Gains when: Stock moves higher, while near term short calls lose value due to the passage of time.

Maximum Gain: Must use an options calculator or graphing software. Usually more than the initial debit.

Loses when: Stock does rise higher than the lower breakeven point, or rises beyond the upper breakeven point, or before expiration if volatility falls too much.

Maximum Loss : Limited to the initial debit.

Breakeven Calculation: There are two breakeven points, above and below the OTM strike. An options calculator or graphing software is necessary to calculate because the breakevens depend on the volatility.

Advantages compared to stock: Increased leverage, much less capital required, "built-in" stop loss.

Disadvantages compared to stock: Greater risk of 100% loss of the capital invested, no dividends, limited life.

Volatility: after entry, increasing implied volatility is positive.

Time: after entry, the passage of time is positive IF the stock moves higher, but not over the short strike.

Margin Requirement : None. Initial debit must be paid in full.

Variations: Calendar Call, ATM; Calendar Call ITM.

Synthetic Equivalent: No true synthetic, but a Calendar Put using same strikes and expiration dates is a nearly identical position.


  • An OTM Calendar Call can be used instead of positioning bullishly with stock, ATM long calls, OTM long calls, or ATM Bull Calls.
    • Compared to stock, the strategy has much less risk and more leverage.
    • Compared to ATM long calls and ATM Bull Calls, the initial debit is less, which means the breakeven point is lower.
    • Compared to OTM long calls, much less stock movement is needed for a gain. The OTM Calendar has it's maximum gain where the OTM long call would still not be at breakeven.
    • And compared to either type of call by itself, the passage of time helps the Calendar, IF the stock rises.
    • However, the OTM Calendar Call has a "sweet spot", and if the stock rises too much the position will be hurt. This is not the case for any of the other positions.
  • The upper and lower breakeven points of a Calendar Call are determined by the volatility of the stock. A stock with higher volatility will have a wider range of profitability. However, buying a Calendar Call when the stock is at historically high volatility is a bad idea. The volatility returning to normal levels can easily overcome the gains from both the stock price rising, and the passage of time.
  • Other variations of Calendar Calls can be used if you have a near term neutral or bearish opinion on a stock or ETF, and want to target a "sweet spot" at or lower than the current price. See Calendar Call, ATM for a neutral strategy, and Calendar Call, ITM for a bearish strategy.

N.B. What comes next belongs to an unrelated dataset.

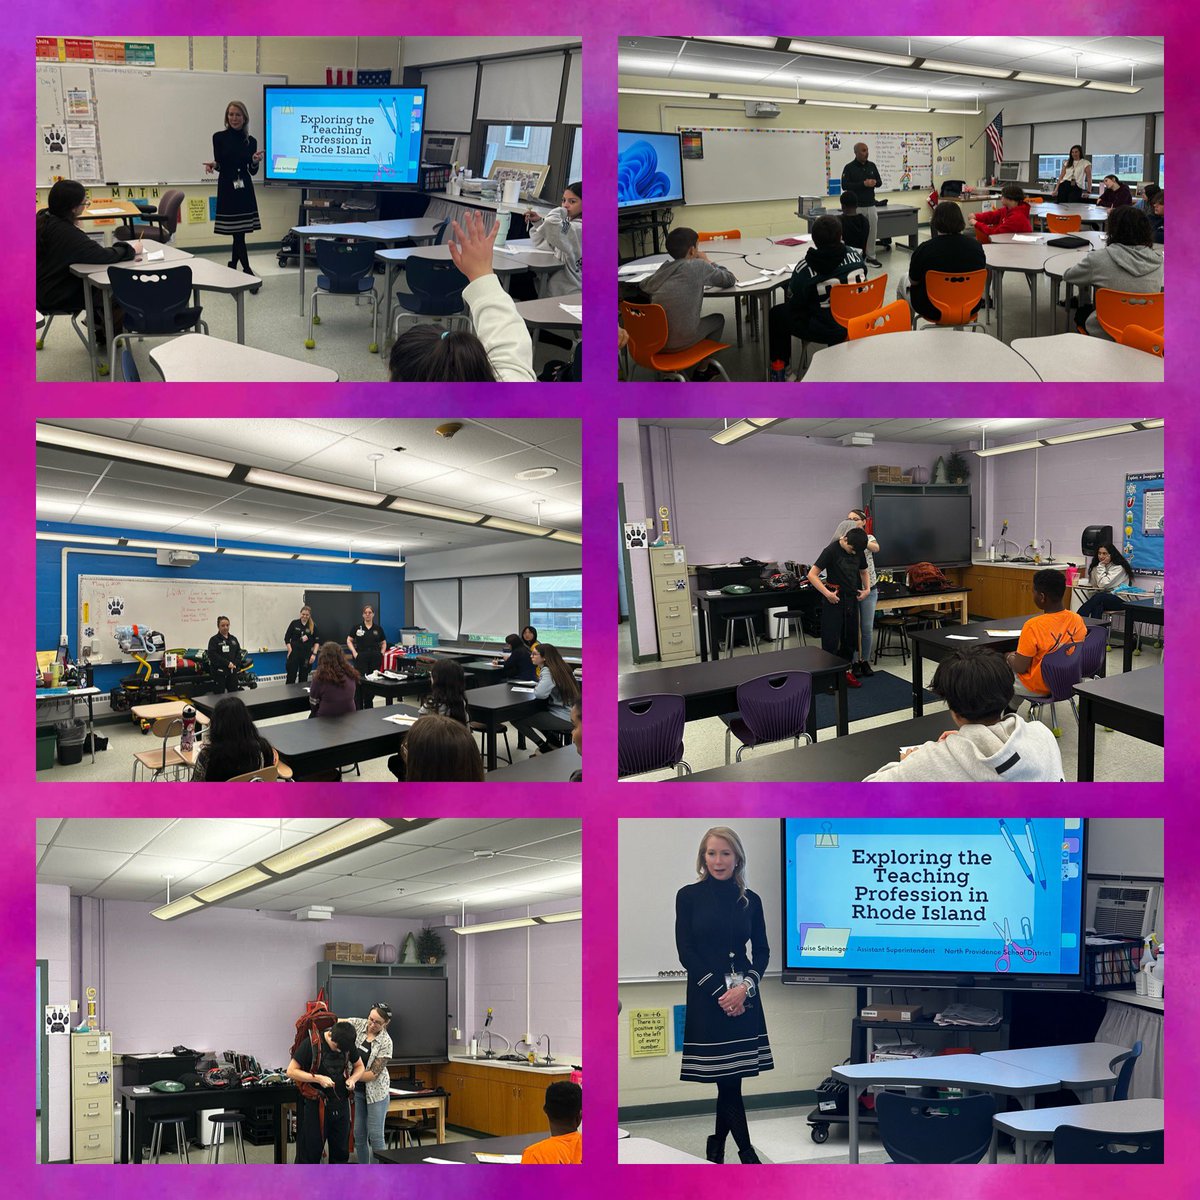 @npschoolsri @Bircwoodms What a tremendous Career Fair! Loved seeing all of the amazing presenters & loved presenting to our students about the Teaching Profession in RI! #npsdlearns #nsdpride 😊🩷👏 @joegoho @RIDeptEd

  • Since this is a bullish position, the trader is expecting the stock to rise. If the stock does not rise, it is usually wise to exit the trade, taking less than the maximum possible loss. Using the graph at the top of the page, you might exit if the stock dropped to about 48 within two weeks, and your loss would be about half the maximum possible.
  • Many Calendar Call traders with a gain try to be out of the trade with a week left to expiration. See the Delta Neutral Trading page for reasons why.
  • Over the long term, successful Calendar Call traders try to beat the market by having many small gains, and fewer small losses. They do not usually take the maximum loss nor try to squeeze every penny out of the winners.


  • If the stock stays near or moves near one of the breakeven points, it is possible to adjust a Calendar Call into a "Double Calendar" by buying another Calendar Call at a higher or lower strike price, whichever way the stock is moving. This will give a higher overall breakeven point if the stock is moving up, or lower if the stock is moving down. However, this is not a guaranteed fix: the stock could whipsaw.